PROVIDED RECORDS:
* * * * *
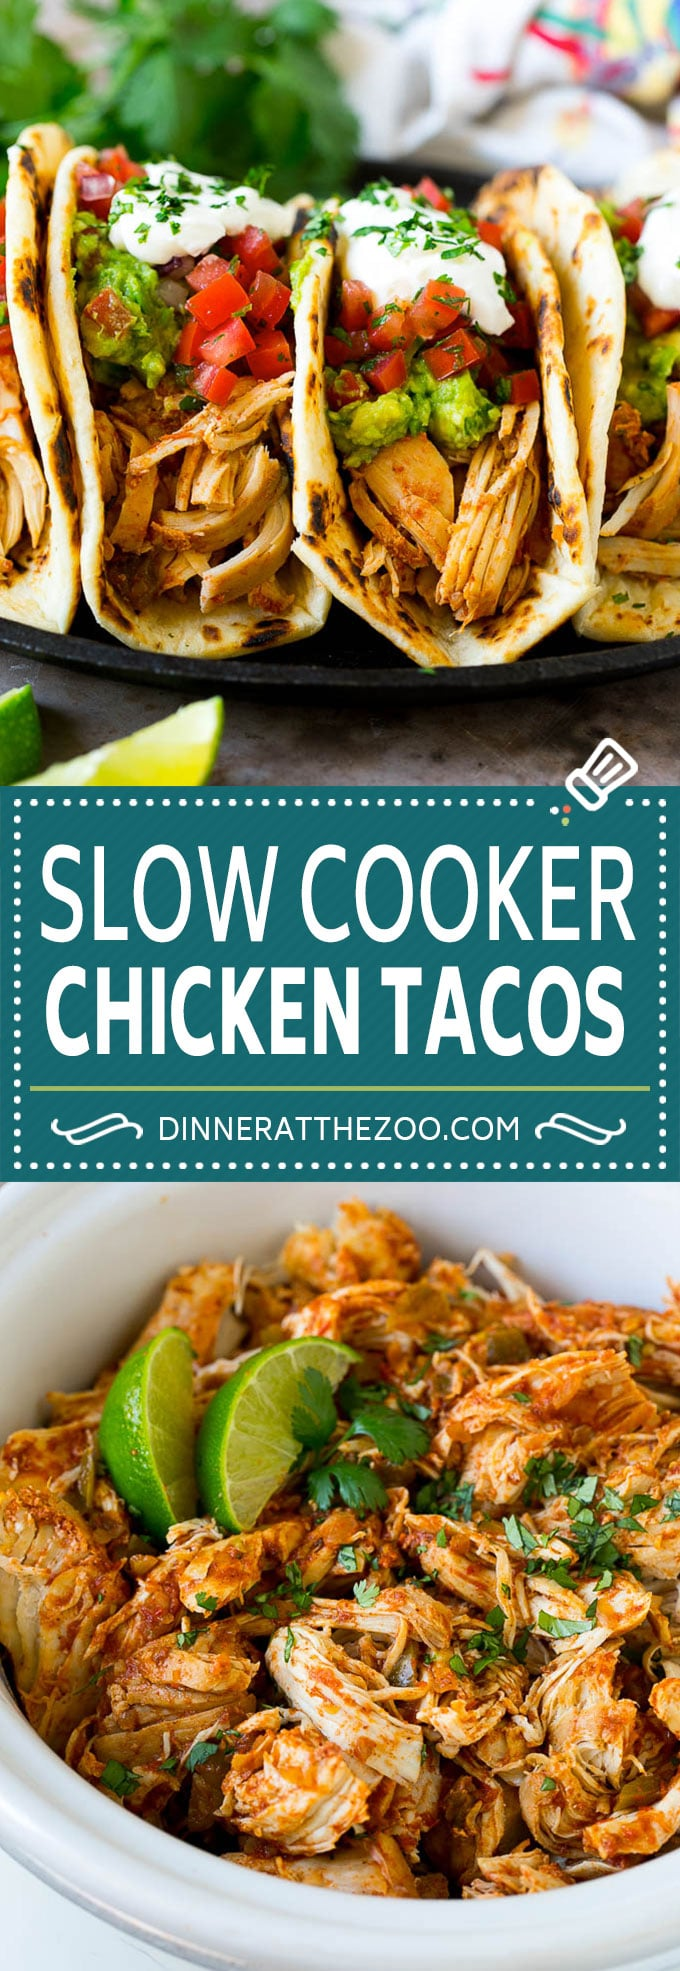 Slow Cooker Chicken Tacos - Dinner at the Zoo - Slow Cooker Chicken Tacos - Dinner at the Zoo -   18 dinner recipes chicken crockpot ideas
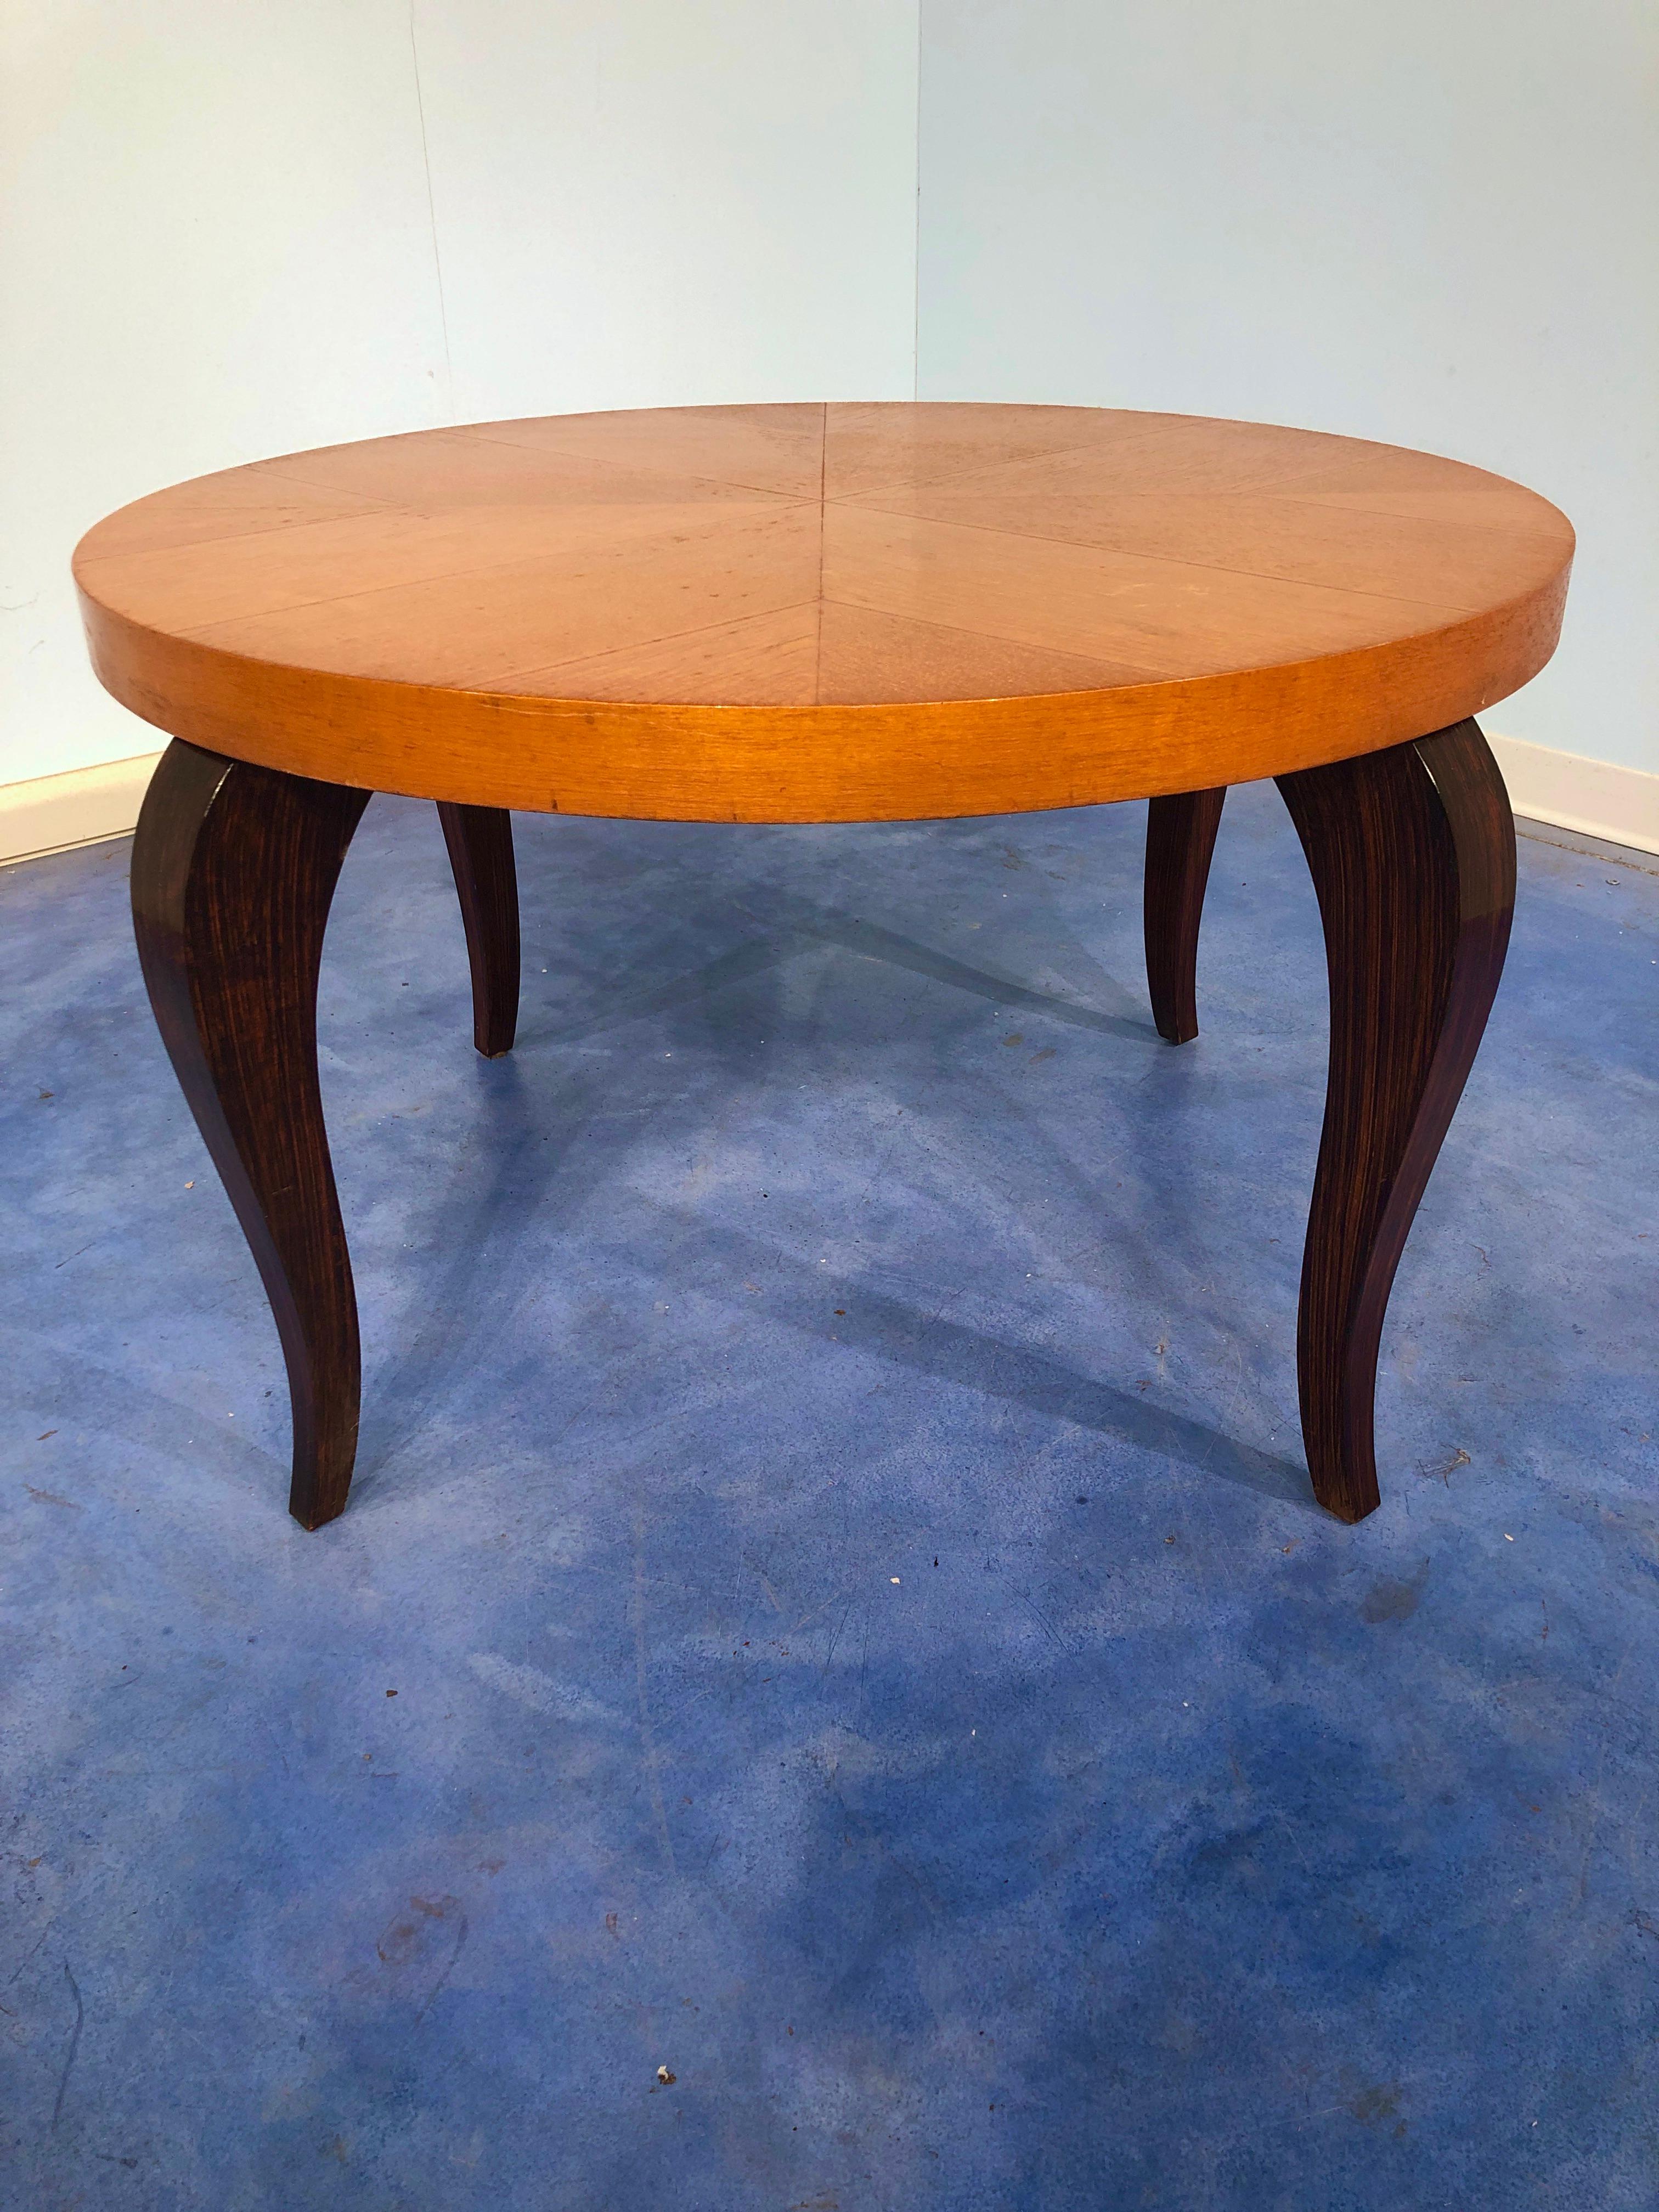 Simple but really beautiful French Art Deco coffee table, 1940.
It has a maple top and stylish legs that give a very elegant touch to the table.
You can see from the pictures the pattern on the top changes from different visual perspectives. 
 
* * * * *
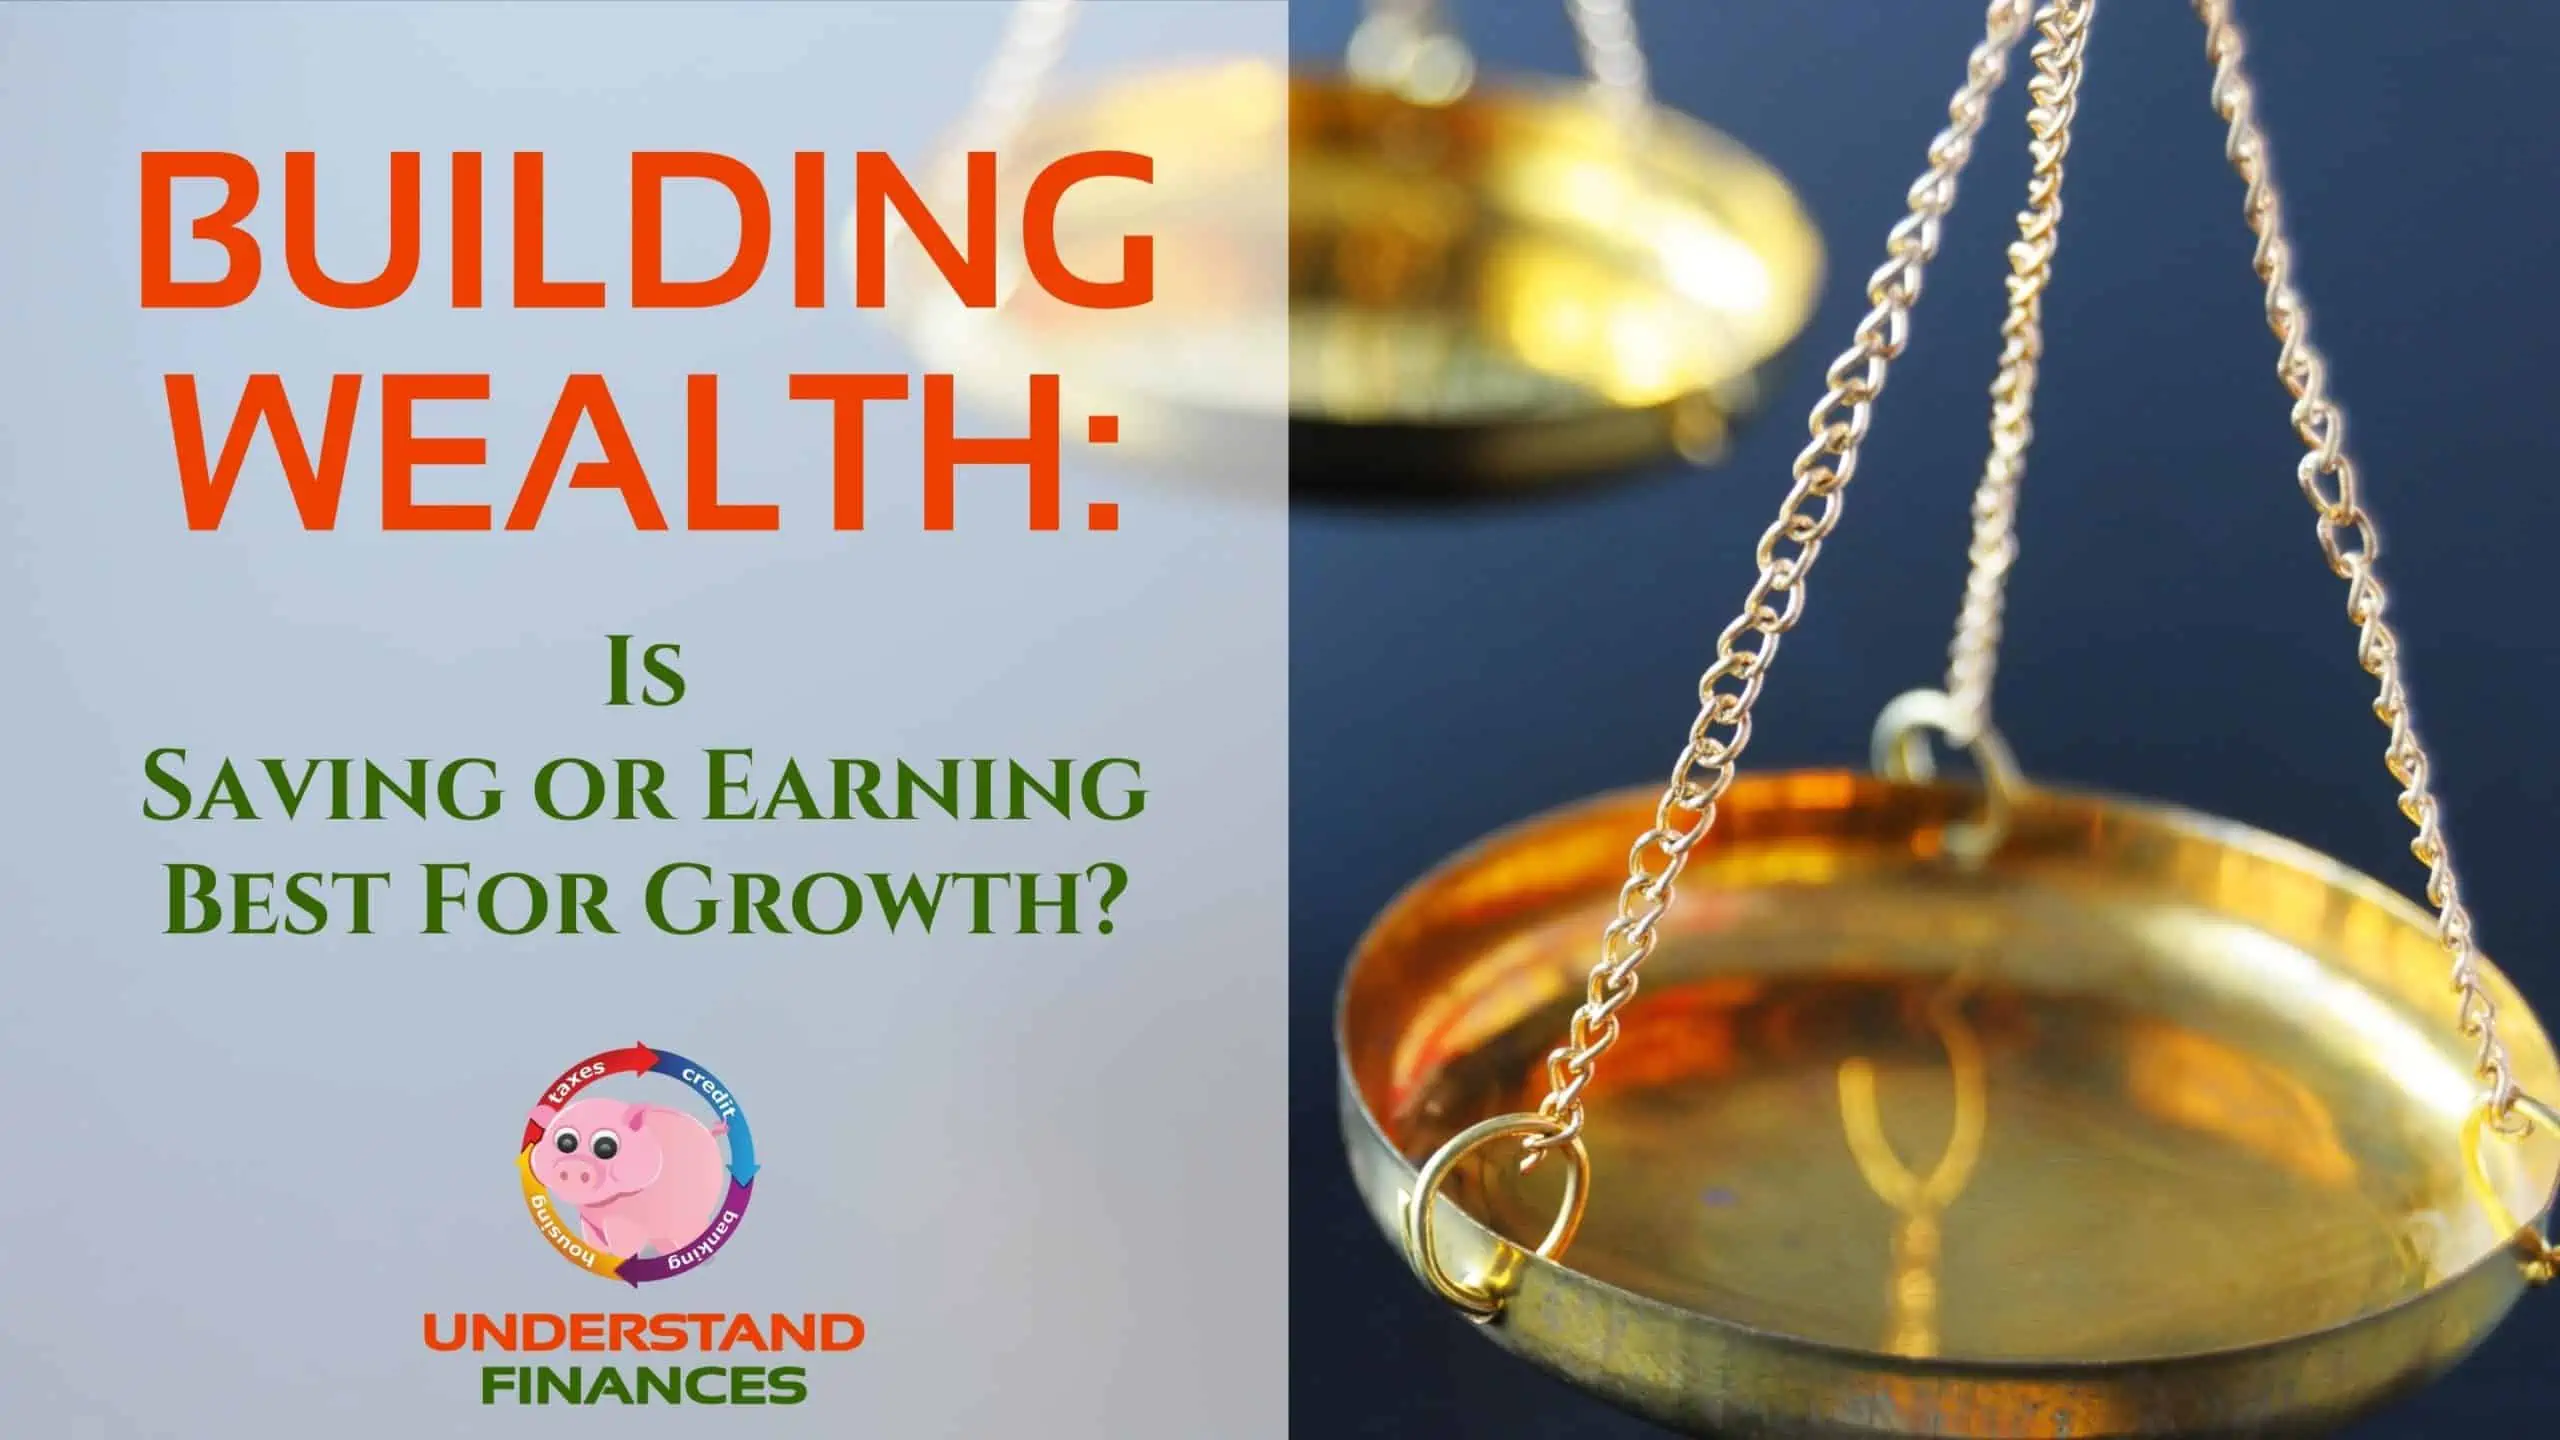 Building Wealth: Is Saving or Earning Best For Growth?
* * * * *
HOW TO COMPLETE THIS TASK:
Please print the lines above word for word, starting at the one with "Slow Cooker Chicken Tacos - Dinner at the Zoo - Slow" and ending at the one with "You can see", both included, and without any picture.

OUTPUT OF THE TASK:
 Slow Cooker Chicken Tacos - Dinner at the Zoo - Slow Cooker Chicken Tacos - Dinner at the Zoo -   18 dinner recipes chicken crockpot ideas
 Simple but really beautiful French Art Deco coffee table, 1940.
It has a maple top and stylish legs that give a very elegant touch to the table.
You can see from the pictures the pattern on the top changes from different visual perspectives. 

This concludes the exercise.